Prediction: The easiest call of the evening. Cate Blanchett will win her second Oscar.

Actress – Supporting

Favorites: Newcomer Lupita Nyong’o is a breath of fresh air; she’s heartbreaking in 12 Years A Slave. And as much as I loved Jennifer Lawrence’s brash and bawdy housewife in American Hustle, June Squibb stole every scene from her accomplished co-stars in Nebraska. Fun fact: Squibb was a guest star on my favorite soap opera, The Young & the Restless, playing a friendly diner waitress opposite the late, great Jeanne Cooper.

For your consideration: Julia Roberts may have had the juiciest role as eldest sister Barbara in August: Osage County, but her costars were equally good with less showy material. Julieanne Nicholson delivered a quietly beautiful performance as middle sister Ivy, and Juliette Lewis returned to fine form as Karen, the youngest of the Weston girls.

Prediction: If tradition holds, this will be the wild card of the evening. Lawrence and Nyong’o have split the awards so far, and it’s likely one of them will win. I’m betting Academy voters will honor Nyong’o for her amazing performance.


Favorites: David O. Russell has three directing nominations for his last three movies - American Hustle, Silver Linings Playbook, and The Fighter. I love his movies. They make me happy.

I didn’t expect to like The Wolf of Wall Street as much as I did, and that’s largely due to Martin Scorsese’s talent. I think this film is much better than The Departed, which won Scorsese his first and only Academy Award.

For your consideration: With nine best picture nominees and only five best director slots, someone is sure to be left out.
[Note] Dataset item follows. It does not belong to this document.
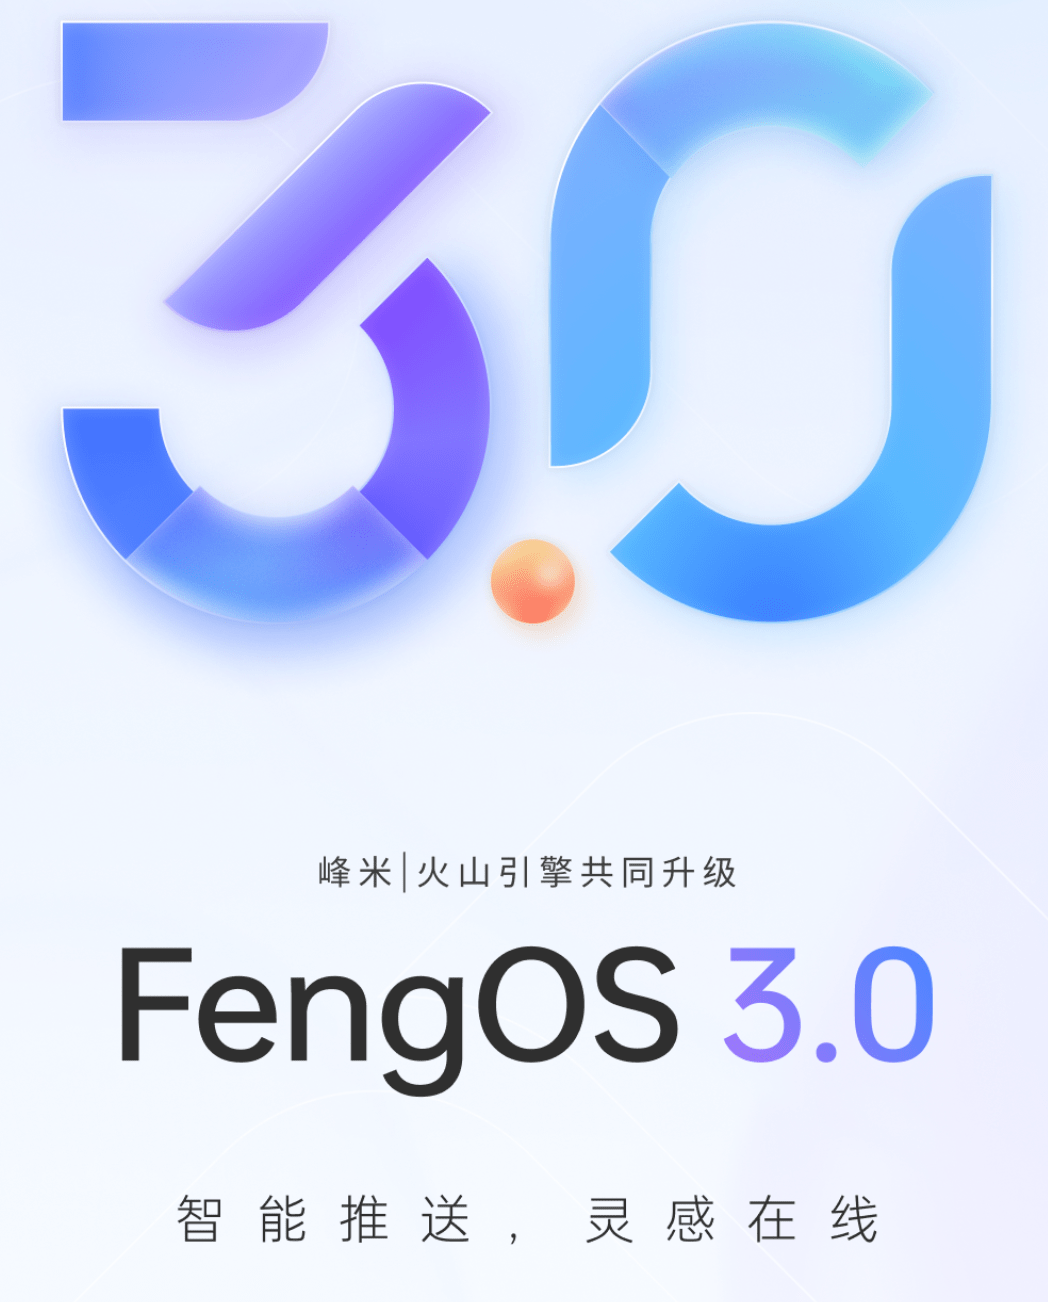 峰米投影仪FengOS 3.0上线：搭载抖音同款推荐算法 可快速识别用户的喜好

Even though I knew all the details of Captain Phillips before seeing the film, Paul Greengrass expertly paced the action and kept me on the edge of my seat. Spike Jonze created a magnificent rendering of a not-too-distant future world in Her, and managed to sell a romance with only one physical actor.

Prediction: Another close race, if early awards are any indication. Will the Academy reward technological innovation or heartfelt, emotional storytelling? My thinking is they’ll go with the former, and give Alfonso Cuarón a little gold statue. His opening 17-minute tracking shot was pure genius.

Best Picture

Favorites: This one is tough. I enjoyed all nine films. Some more than others. So here’s my “forced” ranking, although there’s not much separation between 4-6.

1. American Hustle
2. 12 Years A Slave
3. The Wolf of Wall Street
4. Dallas Buyers Club
5. Nebraska
6. Her
7. Philomena
8. Captain Phillips
9. Gravity

For your consideration: The Academy could have awarded ten films with nominations. For me, two bona fide contenders are Woody Allen’s Blue Jasmine and the Coen brothers’ Inside Llewyn Davis. Neither movie is mainstream, but Blue Jasmine is one of Allen’s finest films, and the best he’s done lately. (And I really enjoyed Midnight in Paris.) The film captures New York and San Francisco as only Allen can, and he elicits bravura performances from his entire cast - even Andrew Dice Clay.

Inside Llewyn Davis was on many critics’ top ten lists, but I left the theater scratching my head over what it was all about. Maybe that’s the point. Forget the plot. Just sit back, relax, and enjoy Joel and Ethan Coen’s twisted take on the American folk scene, right before Bob Dylan crashed the party.

Prediction: In what may be the tightest race in recent history, the top three nominated films - Gravity, American Hustle, and 12 Years A Slave - all have a winning chance. Gravity for its technological prowess, American Hustle for its sheer wealth of talent and propulsive storytelling, and 12 Years A Slave for its powerful emotional impact. American Hustle may be the lightweight here, and the Academy rarely rewards a comedy over a drama, Shakespeare in Love notwithstanding.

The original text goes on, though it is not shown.